WHAT THE TASK ASKS = What you return must be every line from the beginning of the data through the line holding "Water backups in", unchanged.

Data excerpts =
______________________________

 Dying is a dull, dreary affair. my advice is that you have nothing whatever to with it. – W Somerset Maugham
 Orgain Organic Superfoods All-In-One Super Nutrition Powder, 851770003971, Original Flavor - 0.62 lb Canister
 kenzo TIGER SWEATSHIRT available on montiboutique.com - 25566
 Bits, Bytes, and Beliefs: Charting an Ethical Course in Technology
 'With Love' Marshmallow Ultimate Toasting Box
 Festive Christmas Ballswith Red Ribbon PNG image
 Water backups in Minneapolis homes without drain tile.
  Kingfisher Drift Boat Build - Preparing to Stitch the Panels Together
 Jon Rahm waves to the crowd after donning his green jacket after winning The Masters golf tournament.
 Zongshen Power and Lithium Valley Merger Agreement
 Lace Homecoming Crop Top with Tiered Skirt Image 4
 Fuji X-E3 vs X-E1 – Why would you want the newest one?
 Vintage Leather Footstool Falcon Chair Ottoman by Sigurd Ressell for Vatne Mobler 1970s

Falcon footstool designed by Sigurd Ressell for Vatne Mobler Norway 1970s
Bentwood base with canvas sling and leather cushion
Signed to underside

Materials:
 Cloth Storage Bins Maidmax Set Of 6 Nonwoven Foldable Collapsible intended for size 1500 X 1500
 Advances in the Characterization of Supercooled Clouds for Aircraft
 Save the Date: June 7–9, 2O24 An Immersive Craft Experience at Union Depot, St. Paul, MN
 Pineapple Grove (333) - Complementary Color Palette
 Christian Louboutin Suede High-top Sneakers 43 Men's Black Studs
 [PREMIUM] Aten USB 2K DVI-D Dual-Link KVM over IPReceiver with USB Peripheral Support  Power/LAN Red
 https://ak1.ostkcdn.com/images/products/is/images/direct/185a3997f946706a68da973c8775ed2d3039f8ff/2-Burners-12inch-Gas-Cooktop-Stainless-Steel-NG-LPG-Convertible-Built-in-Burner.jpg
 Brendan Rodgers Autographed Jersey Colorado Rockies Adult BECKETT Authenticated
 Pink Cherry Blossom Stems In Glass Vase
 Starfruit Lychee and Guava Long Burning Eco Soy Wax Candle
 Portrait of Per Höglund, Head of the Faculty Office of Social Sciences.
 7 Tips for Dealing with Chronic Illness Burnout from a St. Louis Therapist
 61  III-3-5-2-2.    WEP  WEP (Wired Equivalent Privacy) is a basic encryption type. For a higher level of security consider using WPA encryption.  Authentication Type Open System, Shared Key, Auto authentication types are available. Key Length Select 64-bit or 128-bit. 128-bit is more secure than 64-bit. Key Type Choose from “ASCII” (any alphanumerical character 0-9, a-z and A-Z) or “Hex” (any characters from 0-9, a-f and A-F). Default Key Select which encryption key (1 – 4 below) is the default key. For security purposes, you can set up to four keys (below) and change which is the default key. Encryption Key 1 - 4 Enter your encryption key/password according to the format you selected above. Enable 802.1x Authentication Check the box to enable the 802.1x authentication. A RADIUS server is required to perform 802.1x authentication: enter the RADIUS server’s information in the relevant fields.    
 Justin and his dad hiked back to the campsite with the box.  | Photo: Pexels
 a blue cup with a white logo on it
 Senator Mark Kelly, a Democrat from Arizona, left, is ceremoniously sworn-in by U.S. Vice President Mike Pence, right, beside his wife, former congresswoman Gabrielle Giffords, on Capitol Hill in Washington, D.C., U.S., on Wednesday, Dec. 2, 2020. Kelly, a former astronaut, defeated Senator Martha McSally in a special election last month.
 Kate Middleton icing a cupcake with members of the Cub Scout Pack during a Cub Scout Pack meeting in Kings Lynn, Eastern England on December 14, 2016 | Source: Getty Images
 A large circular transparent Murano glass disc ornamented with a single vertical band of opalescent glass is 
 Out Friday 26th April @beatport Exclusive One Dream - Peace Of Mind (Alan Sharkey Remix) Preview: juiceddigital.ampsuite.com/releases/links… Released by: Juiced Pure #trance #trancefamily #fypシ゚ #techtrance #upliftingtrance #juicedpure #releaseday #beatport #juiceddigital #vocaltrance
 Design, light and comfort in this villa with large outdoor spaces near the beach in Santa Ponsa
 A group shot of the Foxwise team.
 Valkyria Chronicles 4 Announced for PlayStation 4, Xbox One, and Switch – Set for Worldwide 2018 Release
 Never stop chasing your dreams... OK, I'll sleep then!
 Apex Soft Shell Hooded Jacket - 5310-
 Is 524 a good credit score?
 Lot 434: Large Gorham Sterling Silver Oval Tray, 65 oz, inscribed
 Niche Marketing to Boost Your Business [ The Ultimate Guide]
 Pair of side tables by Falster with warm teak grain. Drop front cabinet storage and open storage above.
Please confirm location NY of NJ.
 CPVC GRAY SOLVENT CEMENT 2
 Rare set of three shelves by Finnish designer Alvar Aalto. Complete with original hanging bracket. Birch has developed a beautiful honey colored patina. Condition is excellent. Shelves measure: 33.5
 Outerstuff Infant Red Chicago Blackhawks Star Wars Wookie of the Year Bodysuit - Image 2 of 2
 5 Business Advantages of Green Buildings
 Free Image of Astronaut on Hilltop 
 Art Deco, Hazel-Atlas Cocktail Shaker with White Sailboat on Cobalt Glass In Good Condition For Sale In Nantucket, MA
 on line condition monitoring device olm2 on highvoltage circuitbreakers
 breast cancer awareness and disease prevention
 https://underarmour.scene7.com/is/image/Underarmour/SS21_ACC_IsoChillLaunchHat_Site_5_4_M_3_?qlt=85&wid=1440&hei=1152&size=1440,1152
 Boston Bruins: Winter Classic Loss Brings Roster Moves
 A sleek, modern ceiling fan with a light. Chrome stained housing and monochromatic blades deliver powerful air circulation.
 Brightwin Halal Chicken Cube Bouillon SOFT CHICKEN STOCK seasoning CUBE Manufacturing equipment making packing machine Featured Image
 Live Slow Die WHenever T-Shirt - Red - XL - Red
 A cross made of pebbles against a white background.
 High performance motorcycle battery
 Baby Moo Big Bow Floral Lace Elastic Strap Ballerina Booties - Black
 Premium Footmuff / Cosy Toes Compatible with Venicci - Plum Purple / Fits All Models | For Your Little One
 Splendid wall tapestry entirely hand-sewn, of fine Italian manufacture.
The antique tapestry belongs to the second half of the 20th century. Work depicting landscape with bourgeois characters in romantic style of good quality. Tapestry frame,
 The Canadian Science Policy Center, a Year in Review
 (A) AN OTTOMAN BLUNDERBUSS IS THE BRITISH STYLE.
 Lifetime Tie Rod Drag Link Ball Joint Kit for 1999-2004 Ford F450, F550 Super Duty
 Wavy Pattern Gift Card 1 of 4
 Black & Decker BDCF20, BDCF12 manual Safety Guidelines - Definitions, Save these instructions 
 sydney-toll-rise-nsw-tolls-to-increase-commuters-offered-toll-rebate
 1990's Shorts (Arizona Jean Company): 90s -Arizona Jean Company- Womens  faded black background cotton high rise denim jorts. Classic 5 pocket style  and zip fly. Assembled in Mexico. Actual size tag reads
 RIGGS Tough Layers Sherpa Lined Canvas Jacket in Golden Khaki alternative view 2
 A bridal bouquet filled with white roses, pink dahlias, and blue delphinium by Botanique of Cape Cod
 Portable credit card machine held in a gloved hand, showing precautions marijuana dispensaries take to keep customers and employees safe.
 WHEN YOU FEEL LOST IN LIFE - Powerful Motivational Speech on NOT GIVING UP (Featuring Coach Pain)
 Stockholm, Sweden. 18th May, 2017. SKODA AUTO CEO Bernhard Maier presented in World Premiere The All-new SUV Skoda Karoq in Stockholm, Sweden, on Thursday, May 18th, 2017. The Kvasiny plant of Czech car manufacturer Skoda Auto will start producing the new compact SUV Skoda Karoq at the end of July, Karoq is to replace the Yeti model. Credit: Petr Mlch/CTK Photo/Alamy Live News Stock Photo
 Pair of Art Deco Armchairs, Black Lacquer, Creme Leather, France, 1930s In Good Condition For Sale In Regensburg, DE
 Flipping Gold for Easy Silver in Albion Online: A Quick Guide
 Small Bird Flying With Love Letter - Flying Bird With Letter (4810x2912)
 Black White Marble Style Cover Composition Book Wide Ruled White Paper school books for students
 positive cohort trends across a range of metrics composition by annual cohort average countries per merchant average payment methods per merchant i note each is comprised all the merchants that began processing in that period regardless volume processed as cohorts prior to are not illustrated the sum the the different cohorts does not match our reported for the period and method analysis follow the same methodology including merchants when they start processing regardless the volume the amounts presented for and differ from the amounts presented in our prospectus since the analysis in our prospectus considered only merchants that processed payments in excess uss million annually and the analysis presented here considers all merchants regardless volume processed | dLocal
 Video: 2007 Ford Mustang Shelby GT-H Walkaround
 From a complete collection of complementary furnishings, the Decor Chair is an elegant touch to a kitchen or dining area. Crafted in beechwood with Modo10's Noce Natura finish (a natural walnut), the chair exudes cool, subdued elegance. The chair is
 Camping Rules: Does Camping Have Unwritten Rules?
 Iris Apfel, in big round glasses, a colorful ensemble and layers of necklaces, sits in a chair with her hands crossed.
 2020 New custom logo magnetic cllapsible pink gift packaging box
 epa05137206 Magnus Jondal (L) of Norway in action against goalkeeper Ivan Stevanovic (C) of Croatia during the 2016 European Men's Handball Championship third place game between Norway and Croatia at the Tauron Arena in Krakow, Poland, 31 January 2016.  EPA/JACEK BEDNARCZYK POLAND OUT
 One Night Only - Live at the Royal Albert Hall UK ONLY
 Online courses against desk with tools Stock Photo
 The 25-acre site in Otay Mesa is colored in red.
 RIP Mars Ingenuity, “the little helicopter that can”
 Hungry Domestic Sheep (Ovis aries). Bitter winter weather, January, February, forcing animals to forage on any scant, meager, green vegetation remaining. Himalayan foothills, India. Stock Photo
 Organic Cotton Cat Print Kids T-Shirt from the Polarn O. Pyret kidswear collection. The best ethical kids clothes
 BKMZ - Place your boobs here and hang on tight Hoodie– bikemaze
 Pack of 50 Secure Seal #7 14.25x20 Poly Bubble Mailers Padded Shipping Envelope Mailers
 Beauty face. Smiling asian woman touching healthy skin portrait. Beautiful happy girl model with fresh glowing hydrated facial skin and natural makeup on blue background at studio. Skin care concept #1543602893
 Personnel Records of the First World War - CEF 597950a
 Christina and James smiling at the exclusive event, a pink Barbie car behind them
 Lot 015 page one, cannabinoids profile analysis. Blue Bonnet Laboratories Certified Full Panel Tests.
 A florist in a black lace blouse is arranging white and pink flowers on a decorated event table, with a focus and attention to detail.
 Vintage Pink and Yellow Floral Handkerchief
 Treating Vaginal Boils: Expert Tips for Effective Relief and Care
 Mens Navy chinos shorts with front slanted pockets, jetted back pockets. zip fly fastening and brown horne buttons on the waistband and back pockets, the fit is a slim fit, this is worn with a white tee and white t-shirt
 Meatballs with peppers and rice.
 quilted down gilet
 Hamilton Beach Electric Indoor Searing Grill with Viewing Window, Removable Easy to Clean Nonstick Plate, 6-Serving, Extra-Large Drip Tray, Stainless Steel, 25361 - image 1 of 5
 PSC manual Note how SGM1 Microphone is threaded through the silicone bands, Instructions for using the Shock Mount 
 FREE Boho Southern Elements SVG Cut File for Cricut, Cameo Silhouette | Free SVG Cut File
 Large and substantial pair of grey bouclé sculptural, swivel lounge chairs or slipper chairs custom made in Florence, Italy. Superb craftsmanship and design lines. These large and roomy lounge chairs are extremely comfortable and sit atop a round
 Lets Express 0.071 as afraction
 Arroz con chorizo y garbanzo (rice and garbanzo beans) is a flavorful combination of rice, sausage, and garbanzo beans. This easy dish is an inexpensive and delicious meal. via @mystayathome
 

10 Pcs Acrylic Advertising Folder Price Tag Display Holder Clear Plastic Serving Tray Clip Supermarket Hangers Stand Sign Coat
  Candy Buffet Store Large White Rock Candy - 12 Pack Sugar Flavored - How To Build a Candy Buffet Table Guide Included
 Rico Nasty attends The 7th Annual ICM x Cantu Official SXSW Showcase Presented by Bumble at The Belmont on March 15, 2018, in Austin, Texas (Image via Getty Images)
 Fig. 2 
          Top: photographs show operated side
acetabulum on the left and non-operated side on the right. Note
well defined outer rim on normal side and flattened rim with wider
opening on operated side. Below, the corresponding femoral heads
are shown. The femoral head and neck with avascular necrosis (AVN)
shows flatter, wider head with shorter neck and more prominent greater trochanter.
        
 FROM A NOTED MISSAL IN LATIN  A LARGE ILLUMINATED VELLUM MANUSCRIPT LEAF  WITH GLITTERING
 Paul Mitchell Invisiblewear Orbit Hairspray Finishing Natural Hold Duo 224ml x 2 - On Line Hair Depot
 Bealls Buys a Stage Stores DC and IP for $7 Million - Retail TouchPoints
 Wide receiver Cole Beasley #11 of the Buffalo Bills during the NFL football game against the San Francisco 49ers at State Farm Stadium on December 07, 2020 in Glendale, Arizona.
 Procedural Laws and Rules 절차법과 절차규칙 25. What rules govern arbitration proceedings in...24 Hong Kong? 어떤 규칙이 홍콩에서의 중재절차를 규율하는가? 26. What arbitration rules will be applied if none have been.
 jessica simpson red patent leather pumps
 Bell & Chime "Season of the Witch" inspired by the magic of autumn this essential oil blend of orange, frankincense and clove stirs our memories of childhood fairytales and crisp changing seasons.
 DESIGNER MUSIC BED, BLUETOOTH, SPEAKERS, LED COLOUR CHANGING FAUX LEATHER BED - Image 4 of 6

______________________________

RESULT OF THIS TASK =
 Dying is a dull, dreary affair. my advice is that you have nothing whatever to with it. – W Somerset Maugham
 Orgain Organic Superfoods All-In-One Super Nutrition Powder, 851770003971, Original Flavor - 0.62 lb Canister
 kenzo TIGER SWEATSHIRT available on montiboutique.com - 25566
 Bits, Bytes, and Beliefs: Charting an Ethical Course in Technology
 'With Love' Marshmallow Ultimate Toasting Box
 Festive Christmas Ballswith Red Ribbon PNG image
 Water backups in Minneapolis homes without drain tile.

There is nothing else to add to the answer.